Suppose that I have the decimal expansion (up to a certain number of decimal places, which can easily be extended if I have the patience) of a real number (of no special form) and I suspect that the number is irrational. However, I don't know how to prove that the number is irrational.

What is the most computationally efficient way to set a as large as possible lower bound on the size of the denominator, if the number were rational?

[QUOTE=jinydu;85793]Suppose that I have the decimal expansion (up to a certain number of decimal places, which can easily be extended if I have the patience) of a real number (of no special form) and I suspect that the number is irrational. However, I don't know how to prove that the number is irrational.

What is the most computationally efficient way to set a as large as possible lower bound on the size of the denominator, if the number were rational?[/QUOTE]
The solution to your problem is to generate the continued fraction expansion of the number. If it is rational, the number of coefficients will be finite.

So continued fractions is the [B]fastest[/B] way? And if I stop the process after a certain number of steps, recombine the result into a single fraction, then this rules out all fractions with smaller denominators?

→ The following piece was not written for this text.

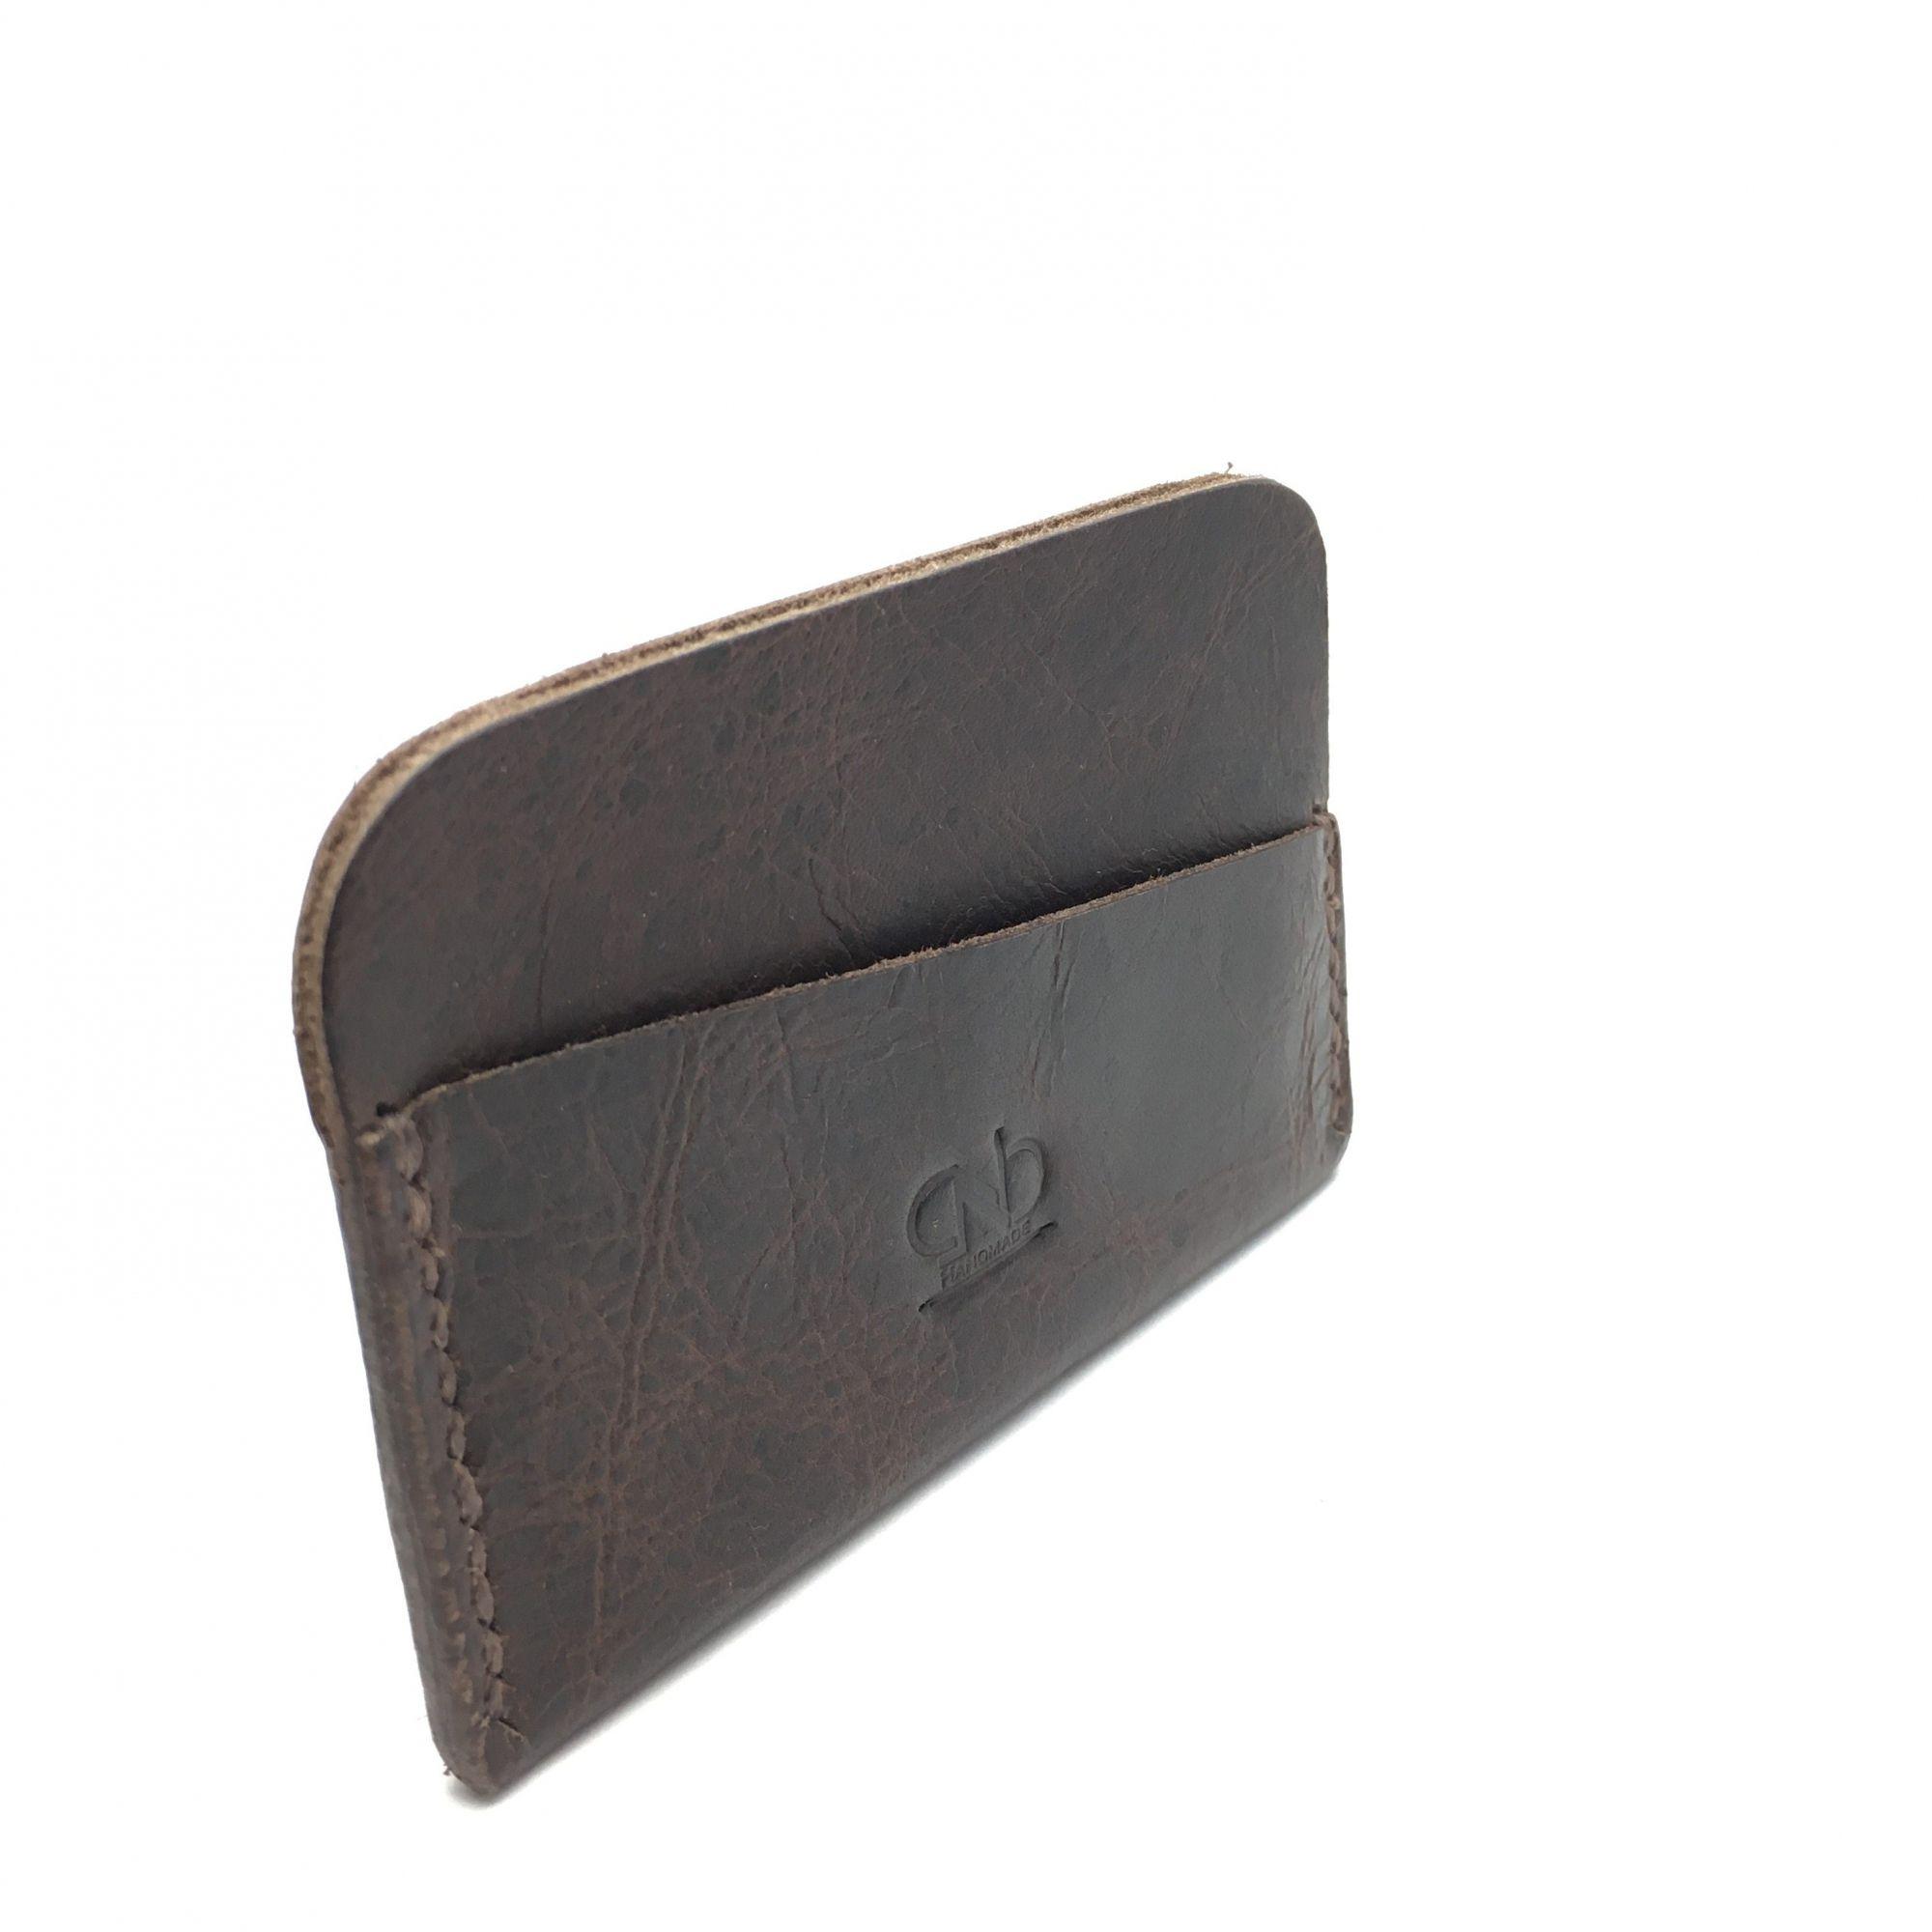 c0507ebcc ... Carteira Porta Cartões Slim CNB Couro Legítimo Feito à Mão ...

[QUOTE=jinydu;85799]So continued fractions is the [B]fastest[/B] way?[/QUOTE]It is the fastest I know. The trick is to compute the continued fraction fast.
[QUOTE=jinydu;85799]And if I stop the process after a certain number of steps, recombine the result into a single fraction, then this rules out all fractions with smaller denominators?[/QUOTE]
Yes.

Rational vs irrational numbers.
 

[QUOTE=alpertron;85798]The solution to your problem is to generate the continued fraction expansion of the number. If it is rational, the number of coefficients will be finite.[/QUOTE]
:no:
What about the rational number 1/3 = 0.3333333.............
The rational number in decimal form will repeat itself sooner or later unless it comes to a dead stop like 7/8 =0.875.
The irrational number will NOT. Take a random example and try it out.
This does not mean that an irratioanl number cannot have a pattern.
Take foir instance 0.123456789101112131415161718...
It is an irrational number and the digits can be predicted. The hundreth digit, the millionith digit and the trillionth didgit will end in 5,1,1,.
There are many different types of numbers besides these but it will go beyond this topic.
Mally :coffee:

[QUOTE=mfgoode;85839]:no:
What about the rational number 1/3 = 0.3333333.............
The rational number in decimal form will repeat itself sooner or later unless it comes to a dead stop like 7/8 =0.875.
The irrational number will NOT. Take a random example and try it out.
This does not mean that an irratioanl number cannot have a pattern.
Take foir instance 0.123456789101112131415161718...
It is an irrational number and the digits can be predicted. The hundreth digit, the millionith digit and the trillionth didgit will end in 5,1,1,.
There are many different types of numbers besides these but it will go beyond this topic.
Mally :coffee:[/QUOTE]
The original poster wrote:

[QUOTE=jinydu]...up to a certain number of decimal places, which can easily be extended if I have the patience...[/QUOTE]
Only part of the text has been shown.